By the reflection theorem, we know that for any given $n$, there are many ordinals $\theta$ in $M$ with $V_\theta^M\prec_{\Sigma_n} M$. In particular, we can make an increasingly elementary chain $$V_{\theta_0}^M\prec_{\Sigma_1} V_{\theta_1}^M\prec_{\Sigma_2}\cdots\prec_{\Sigma_n} V_{\theta_n}^M\prec_{\Sigma_{n+1}}\cdots$$ that unions up to $M$.

Let $T$ be the tree of all finite sequences that obey this increasingly elementary substructure relation with one another, and where also the $n^{th}$ element in the sequence also models the $\Sigma_n$ fragment of ZFC. It follows from our observation above that there are a proper class of such instances in $M$, and so $T$ is a proper class. Elements of $T$ amount to finite sequences of ordinals, which can be coded by single ordinals, and so we may view $T$ as a partial order relation on $\text{Ord}$, if you like.

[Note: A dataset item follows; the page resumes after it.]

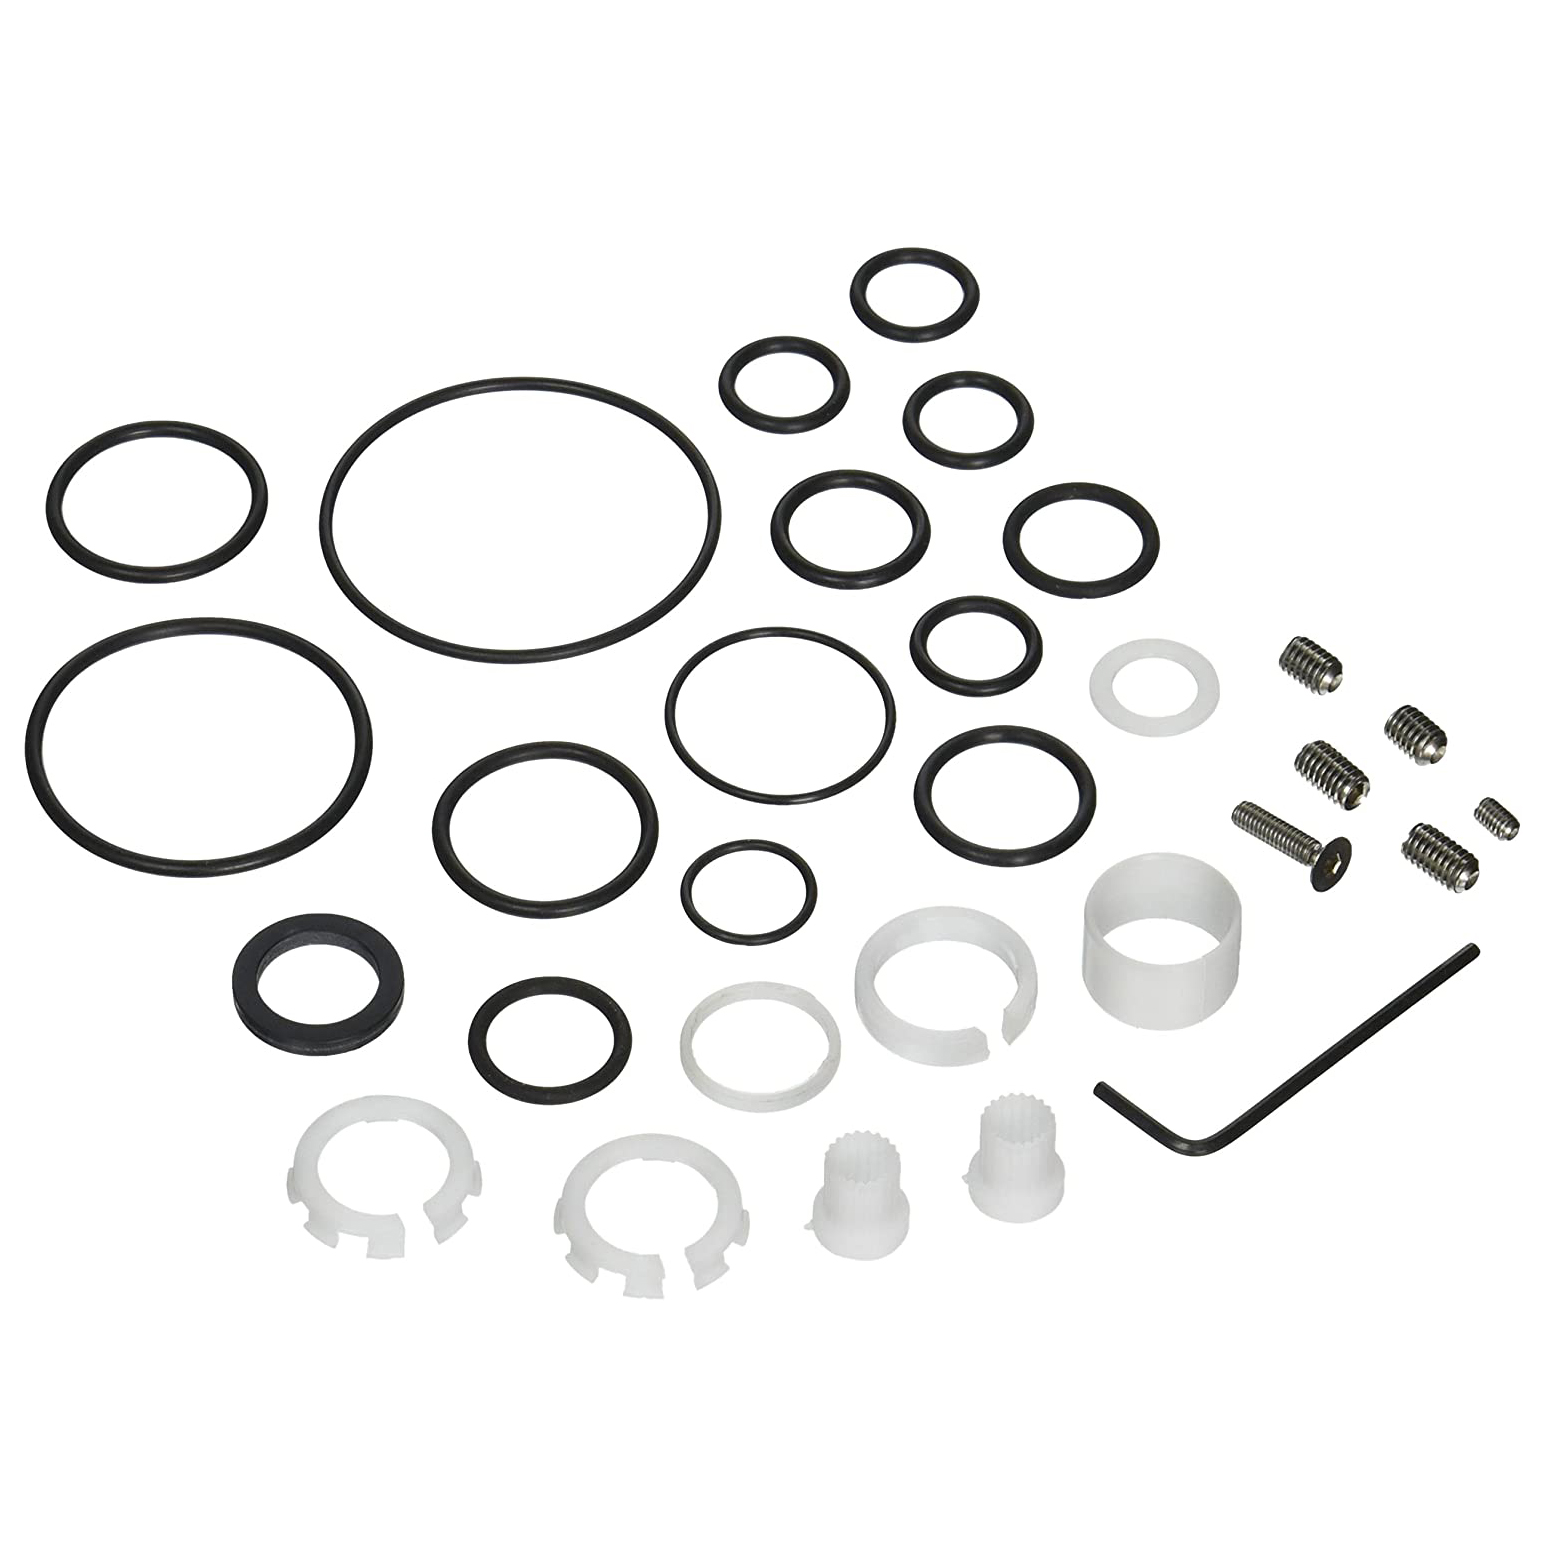 Perrin & Rowe Kitchen Seal Kit for Swing Arm Pot Fillers

We order this tree growing downward, and I claim it is well-founded in $M$. That is, $M$ has no $\omega$-sequence that is a descending sequence in this tree, because the union of that chain would be a $V_\theta$ that models ZFC, and so $\theta$ would be worldly, but we assumed there are none in $M$.

So $M$ thinks this tree order is well-founded, and therefore it thinks the Kleene-Brouwer order on the tree is a well-order. But $M$ is wrong about both of these things, since we have already observed that $M$ is the union of an increasingly elementary chain, and this is exactly a descending sequence in the tree order and hence a descending sequence in the Kleene-Brouer order.

So $M$ thinks the relation was a well-order, but it was mistaken.